Data excerpt section start

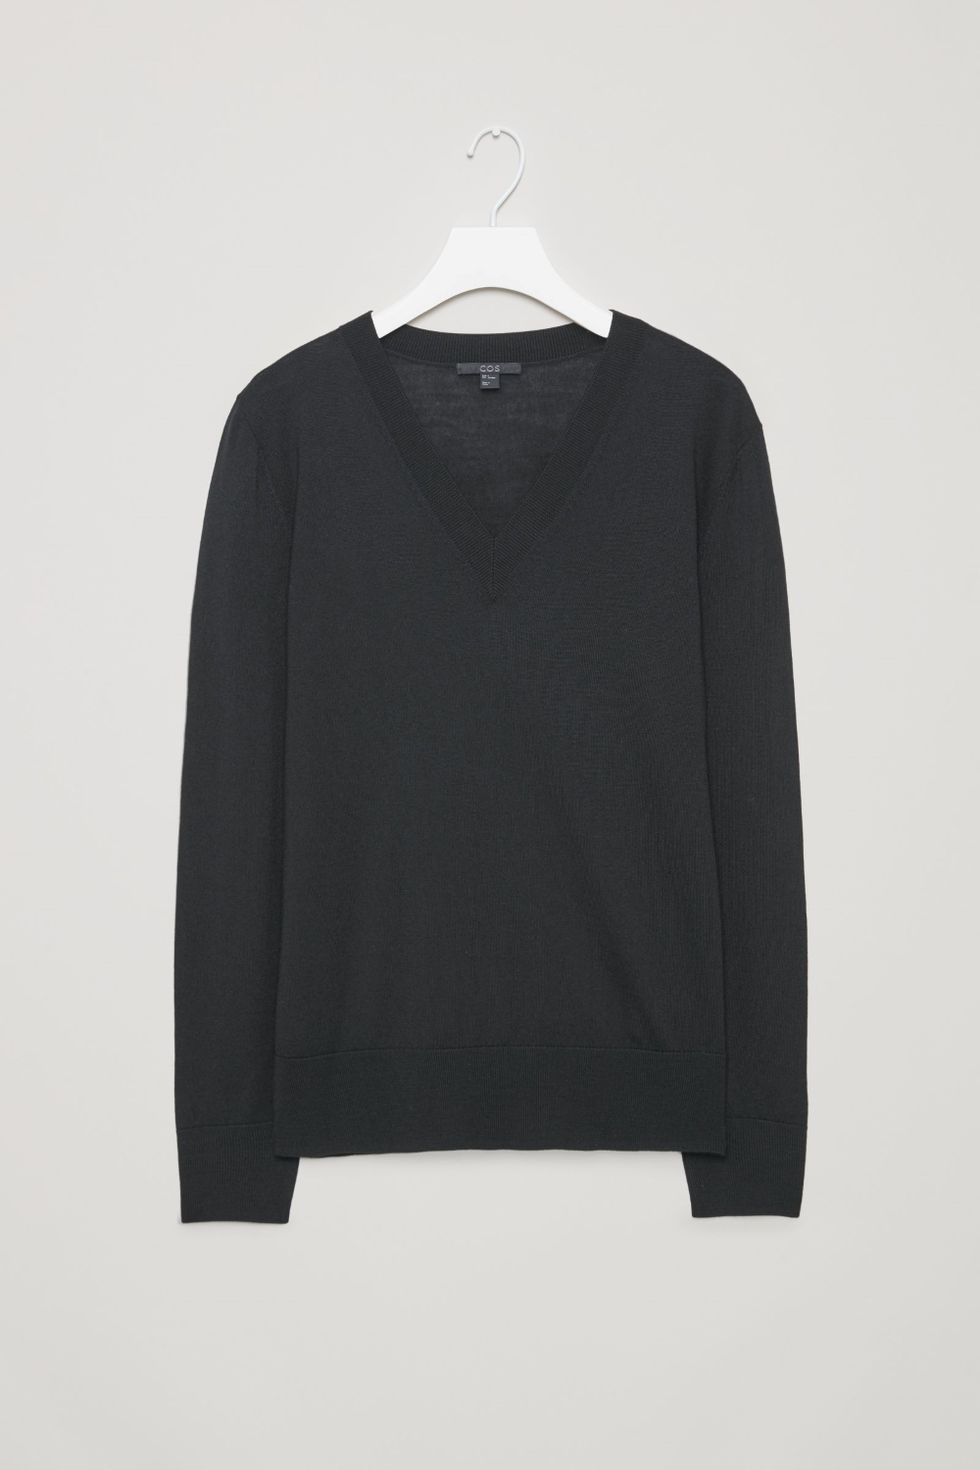 Clothing, Black, Sleeve, Long-sleeved t-shirt, Outerwear, Sweater, T-shirt, Top, Jersey, Neck, 
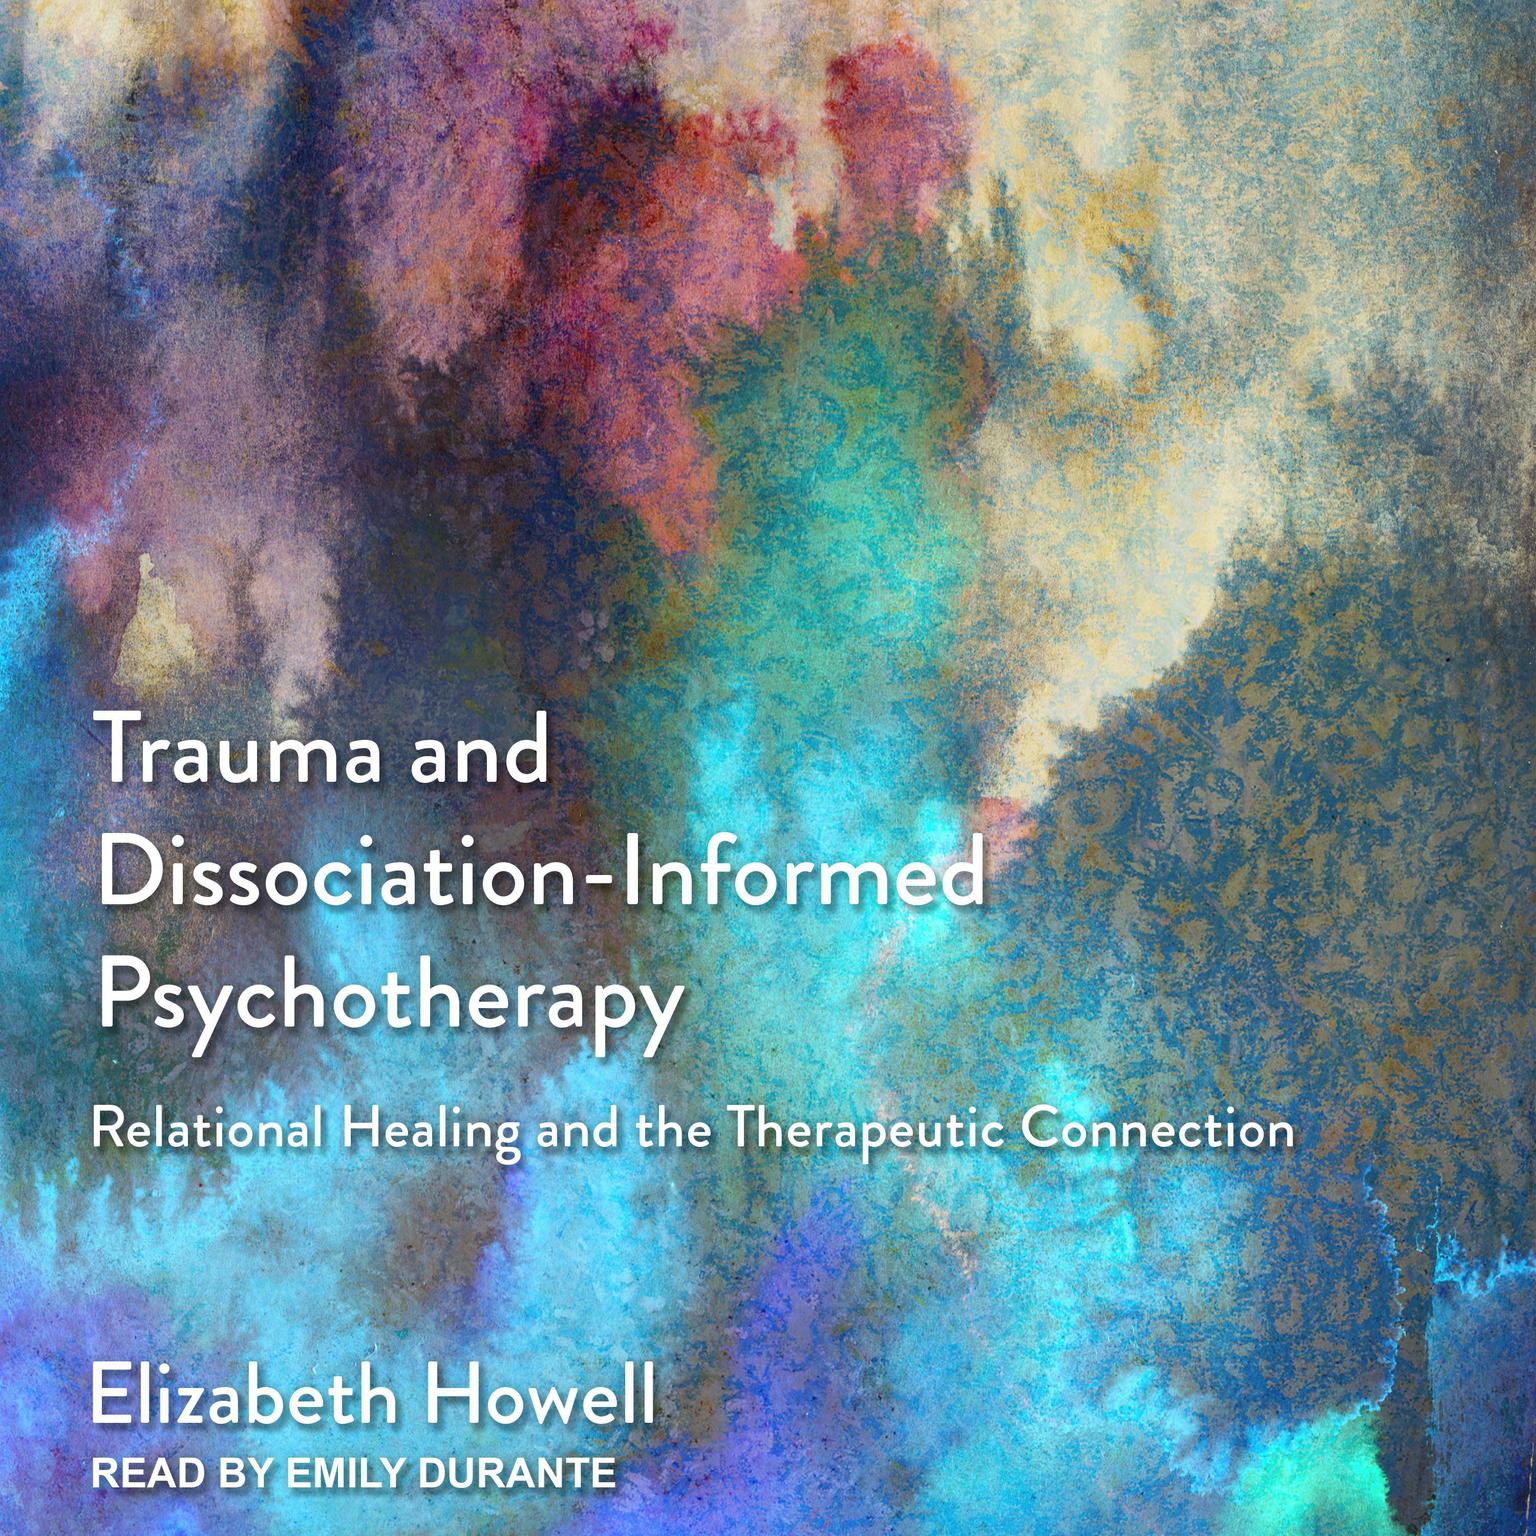 Trauma and Dissociation-Informed Psychotherapy: Relational Healing and the Therapeutic Connection Audiobook, by Elizabeth Howell
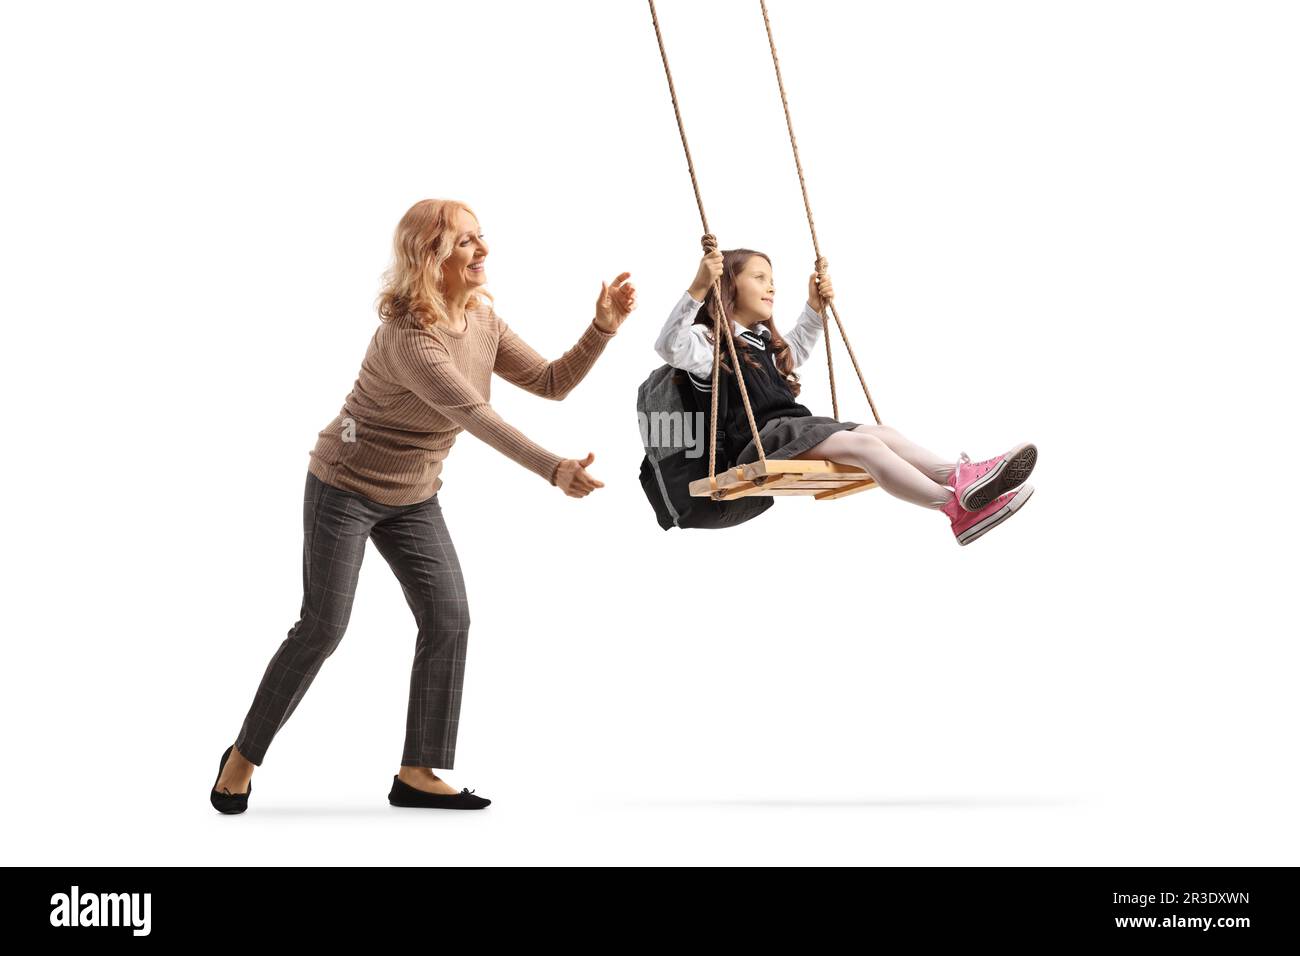 Woman pushing a schoolgirl on a swing isolated on white background Stock Photo

Data excerpt section end

Copy out, unchanged, the span of lines beginning with the one that includes "Trauma and Dissociation-Informed" and running through the final line of the material above. Leave the pictures out.

◆ Answer to this exercise
 Trauma and Dissociation-Informed Psychotherapy: Relational Healing and the Therapeutic Connection Audiobook, by Elizabeth Howell
 Woman pushing a schoolgirl on a swing isolated on white background Stock Photo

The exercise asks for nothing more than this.